According to fig. 1, several satellites 1 are located in a lower orbit around the earth 4. These satellites 1 are preferably placed in orbit so that the entire constellation of satellites 1 provides continuous coverage over the entire earth 4. In addition to the satellites 1, the system 5 includes one or more controllers 6 disposed on the earth 4. Each controller 6 functionally corresponds to a central switching office 6 (or a gateway). For simplicity, each controller 6 is referred to simply as a "office 6". The office 6 is set up on the surface of the earth 4 and communicates with nearby satellites 1 via radio frequency communication links 8. The satellites 1 also communicate with each other via a data communication link 3. The station 6 provides communication coverage for an area of arbitrary size on the earth 4 by means of the constellation of satellites 1. The office 6 is connected to a public switched telephone network (not shown) through which requests for "calls to subscribers of the system 5" can be received. Each office 6 receives a request to place a call to a subscriber believed to be located in an area of the earth 4 associated with that office 6. For convenience, only one office 6 is shown in fig. 1.
However, it should be clear to those skilled in the art that any number of offices 6 are possible for use in connection with any number of regions on the earth 4. It should also be understood that all offices 6 are capable of operating in a distributed or collective manner to communicate with a given office 6, which given office 6 forwards messages from all offices 6 to the constellation of satellites 1 in the system 5.
The system 5 also includes any number of potentially millions of Selective Call Receivers (SCRs) 2, such as pagers or other one-way portable units. The SCRs 2 are arranged to receive communications from the overhead satellite 1 via a communications link 7. These communication links 7 preferably employ Radio Frequency (RF) frequencies which are substantially suitable for line-of-sight communication, and the links 7 are simplex links. That is, communications are only transmitted unidirectionally from the satellite 1 to the SCRs 2. Simplex communication allows each SCR2 to be made into a low-consumption unit that consumes a small amount of energy. Simplex communication is not limited to links 3 or 8. Specifically, these links are used for "satellite-to-satellite" and "office-to-satellite" communications, respectively.

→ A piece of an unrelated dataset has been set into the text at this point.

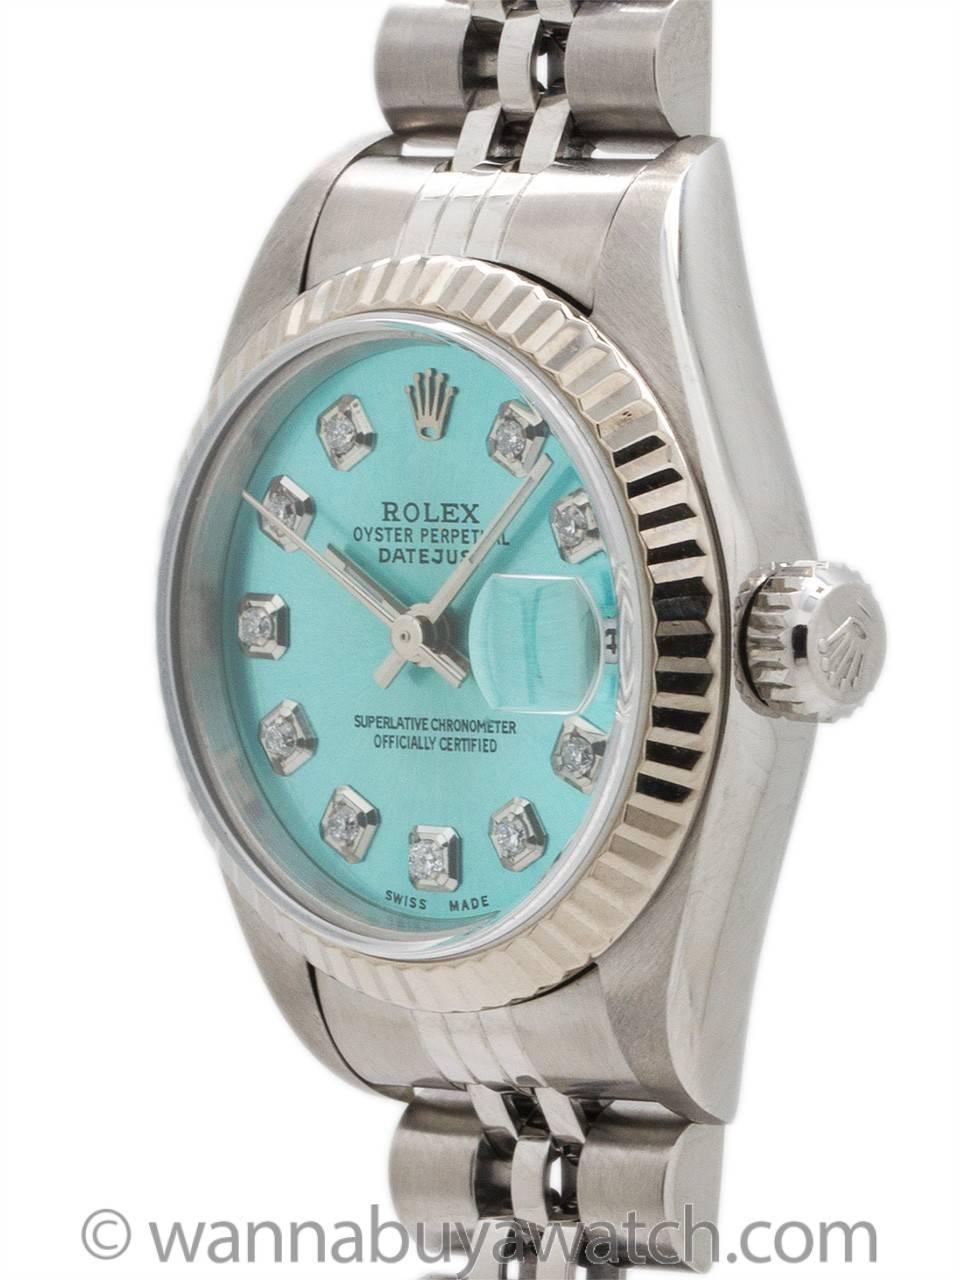 Lady Rolex Stainless Steel Datejust ref 79174 serial# A2 circa 1998. Featuring a 27mm diameter case with white gold fluted bezel, and sapphire crystal. With very popular custom colored “Ice Blue” dial with applied diamond indexes & silver baton

Fig. 2 shows a timing diagram depicting a communication protocol 200 according to the present invention, this communication protocol 200 being applied by the system 5 for communication with the SCRs 2. During one communication cycle 202 (preferably having a duration of 194.4 seconds), the communication protocol 200 contains 9 block time periods 204 (each preferably having a duration of 21.6 seconds). Each block time period 204 is subdivided into a probe group message time period 206 followed by a message reception time period 203 which includes four message time periods 208. Preferably, each of the SCRs 2 is assigned to one of the 9 block time periods 204 for monitoring messages 218. It will be appreciated that alternatively each SCR2 may be assigned to one or more of the 9 block time periods 204.
The office 6 typically controls communications to a large area on earth 4. Specifically, the station 6 controls the transmission of the satellite 1 to a plurality of cell areas. Each cell area is part of a large territory associated with an office 6. In order to track the location of the SCRs 2 on the earth 4, users of the SCRs 2 must log onto their portable units when traversing between cell areas (e.g., cities) associated with different offices 6, or when traversing between large areas (e.g., countries) associated with different offices 6. Since the cell area associated with an office 6 is relatively large, users are not typically required to log on to the SCR2 during a particular regional stay.
Since a block period 204 is allocated to an SCR2, this SCR2 is only activated during the allocated block period 204, which, as will be seen hereinafter, will hierarchically provide a first level of battery saving capability to the totality of those SCRs 2 and satellites operating in the system 5. The probe group message time limit 206 is used by the system 5 to send at least one probe group message 213. In this example, the system 5 preferably sends a plurality of probe group messages 213, as shown in fig. 2, and during a selected one of the 48 frames 210, sends out one probe group message 213, as shown in fig. 2. Each probe group message 213 includes a group level information field 212 and an access period table field 214. These fields provide information to the SCRs 2 to determine in what way to monitor the message during the message reception time period 203. It should be appreciated that an additional field may be used for the probe group message time limit 206, such as a field to indicate to the SCRs that a particular channel selected from a plurality of possible channels is to be used for receiving messages 218. Further, it should be understood that the order of the fields 212, 214 is not critical and may be changed without affecting the operation of the communication protocol 200.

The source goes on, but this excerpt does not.